- Workload Insight Tool
- Highlights of syswit
- How to install and run
- Requirements
- Help
- Collector
- Analyzer
- Comparator
- Example
- Overhead of Collector
- Input Collector Config Customization
Workload Insight Tool (syswit) is a tool to analyze workloads on Linux.

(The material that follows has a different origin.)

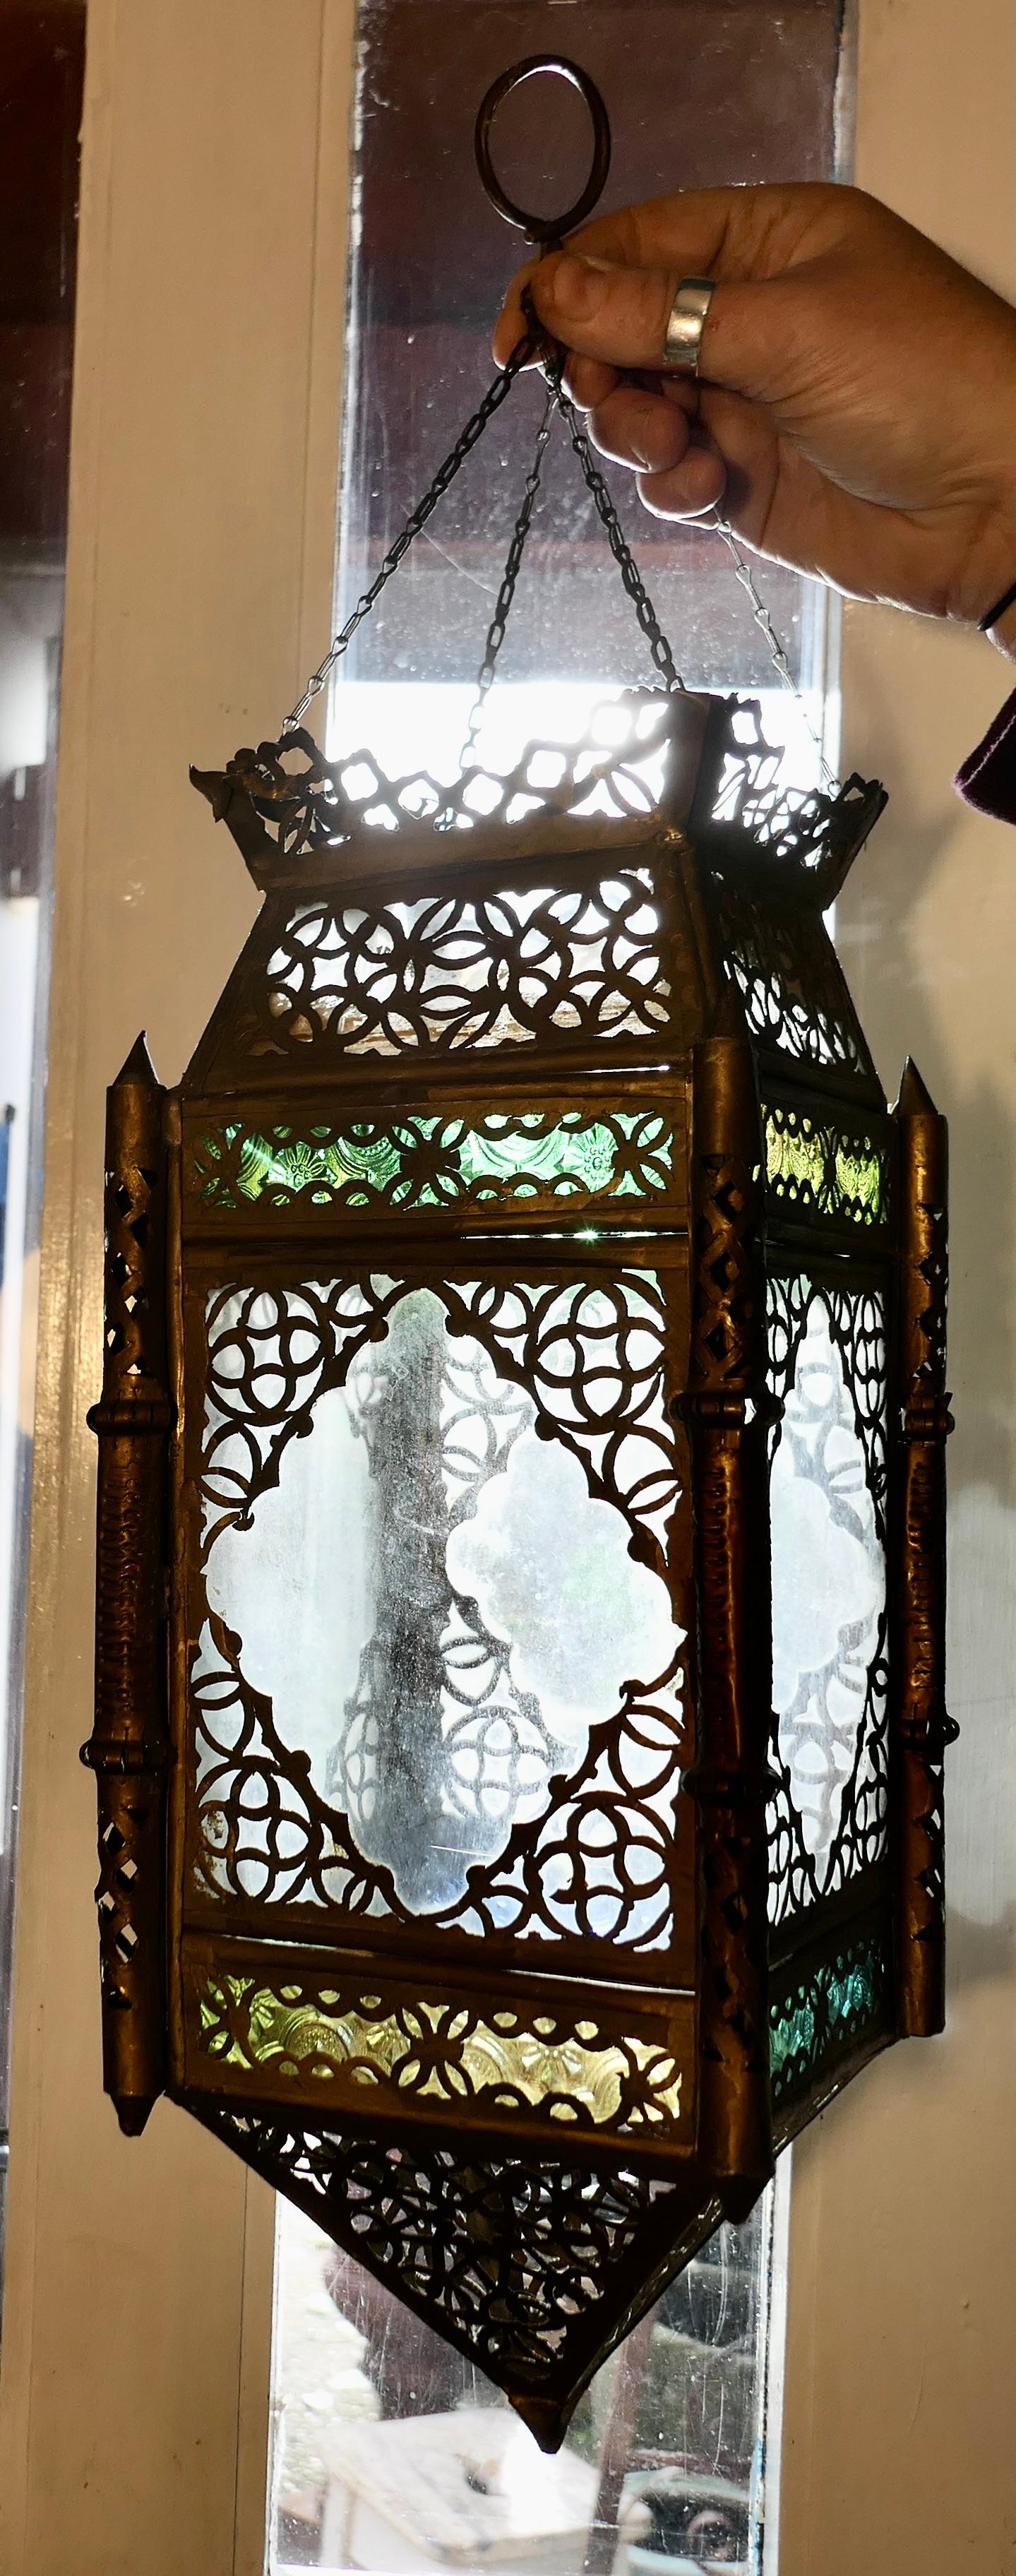 Abat-jour de lanterne nord-africaine en laiton et vitrail

Il s'agit d'une belle pièce, de forme rectangulaire, avec des panneaux de verre en forme de diamant décorés de filigrane en laiton et de petits panneaux de verre coloré en ambre et en vert.

It collects global and process related system stats exposed by the kernel
(via procfs and sysfs files) in a time-series manner using collector
.
Collected data can be analyzed using analyzer
. Data from multiple runs
can be compared using comparator
.
- Workload analysis
- Run time capture of global and process related data in time-series manner
- Data collected in standard format
- Light-weight
- Less disk consumption
- Minimal interference to workload
- Consolidated graphical view for analysis
- Comparative visualization of multiple runs
pip install .
Note: If facing externally-managed-environment
error, Use a python virtual environment.
python3 -m pip install -r requirements.txt
$ syswit -h
usage: syswit [-h] {collect,analyze,compare} ...
syswit
positional arguments:
{collect,analyze,compare}
Components of syswit
collect E.g., syswit collect -p 234 -n 10 -s 1
analyze E.g., syswit analyze -f '/logs/results.json'
compare E.g., syswit compare -f '/logs/results1.json, /logs/results2.json'
options:
-h, --help show this help message and exit
$ syswit collect <args>
$ syswit analyze <args>
$ syswit compare <args>
This module collects global and process related system stats in a time-series manner for a workload.
$ syswit collect -h
usage: syswit collect [-h] [-c COLLECTOR_INPUT_CONFIG] [-p PID] [-w WORKLOAD]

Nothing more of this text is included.